:: The data ::

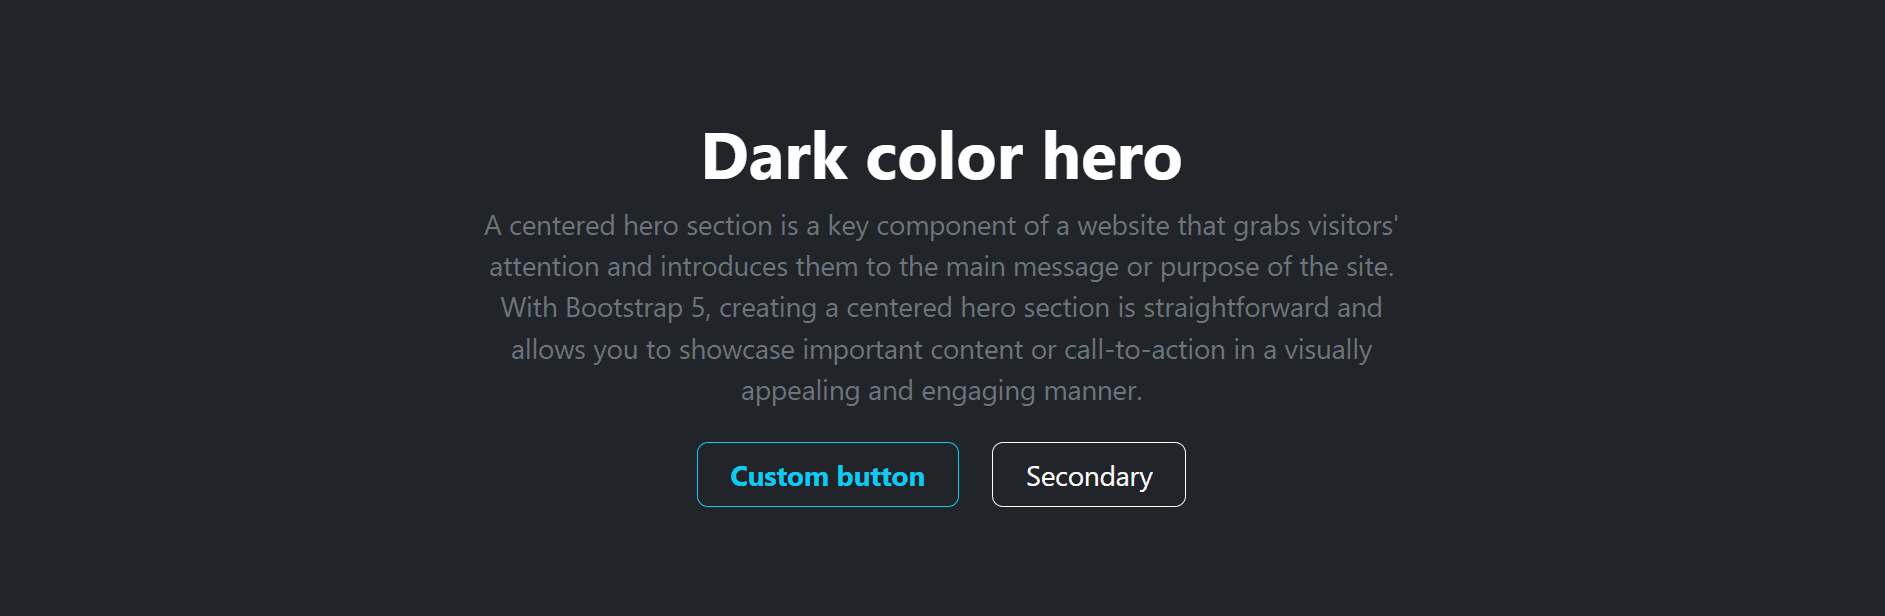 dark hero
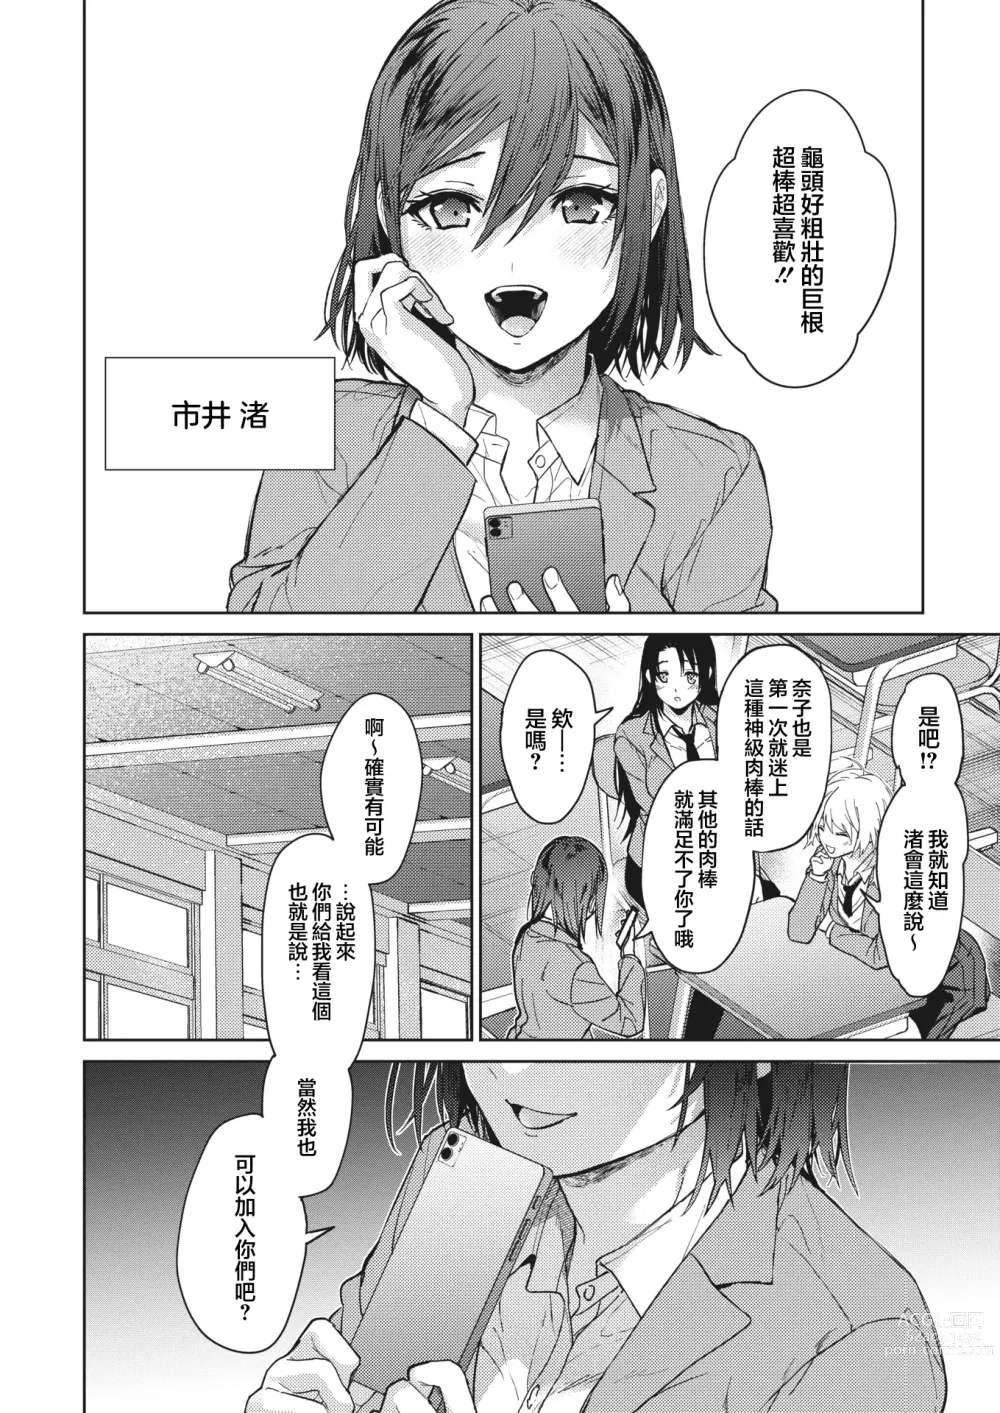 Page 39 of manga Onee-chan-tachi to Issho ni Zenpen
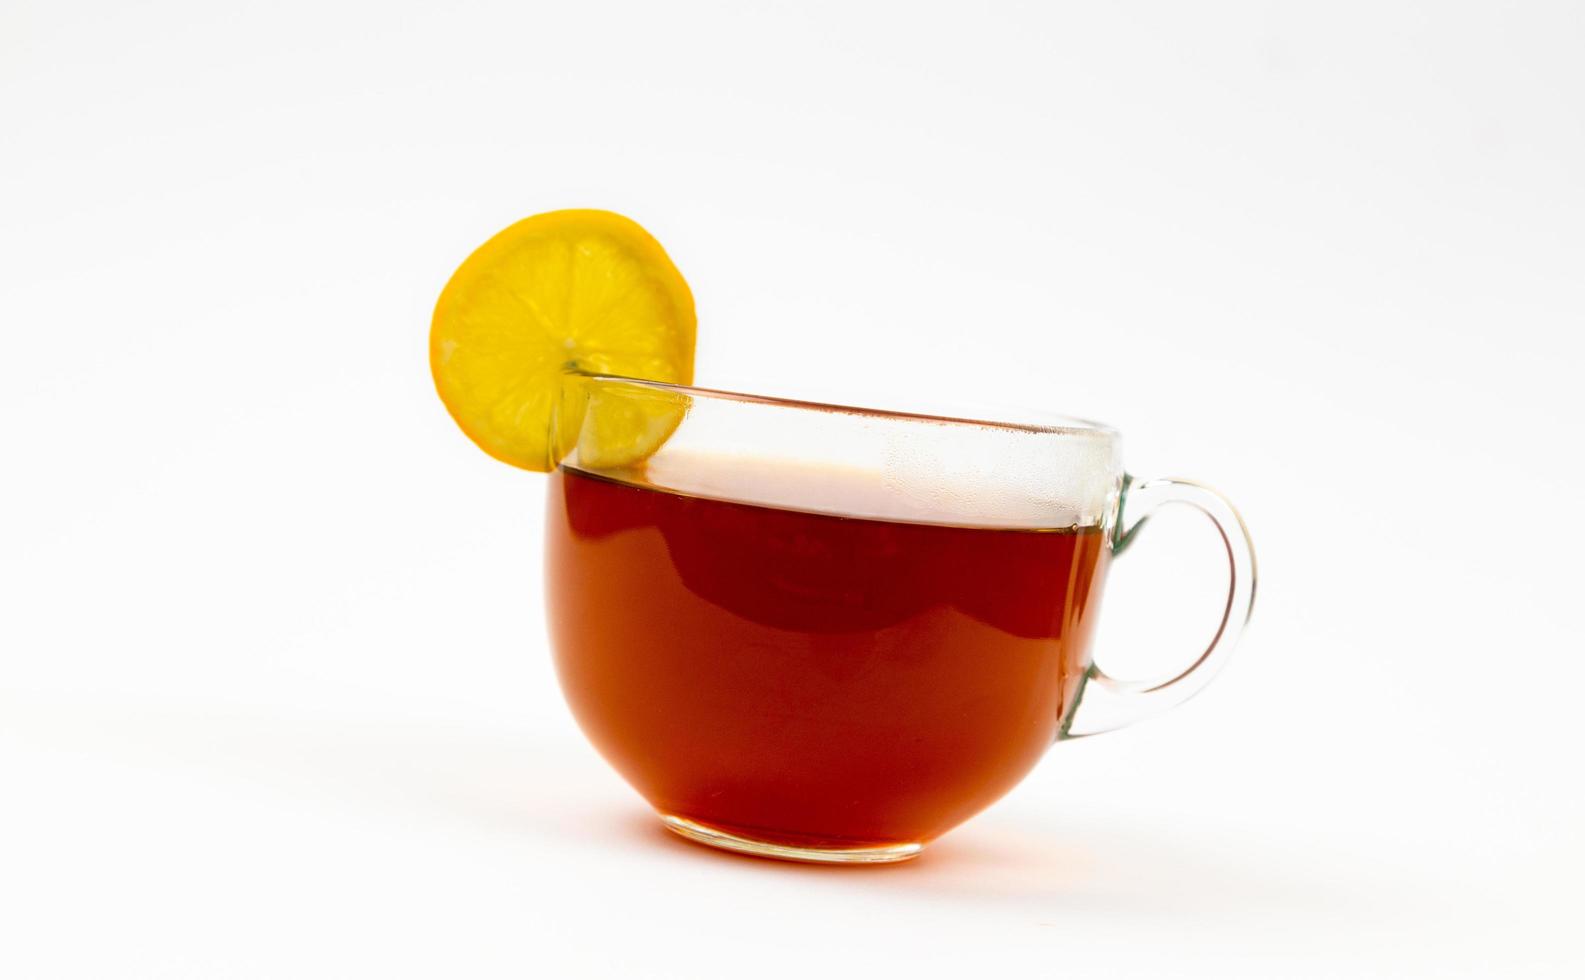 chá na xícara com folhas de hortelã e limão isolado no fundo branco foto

:::

§ **What is required**:
Transcribe the lines above exactly, setting aside any picture among them.

§ **Exercise output**:
 dark hero
 Page 39 of manga Onee-chan-tachi to Issho ni Zenpen
 chá na xícara com folhas de hortelã e limão isolado no fundo branco foto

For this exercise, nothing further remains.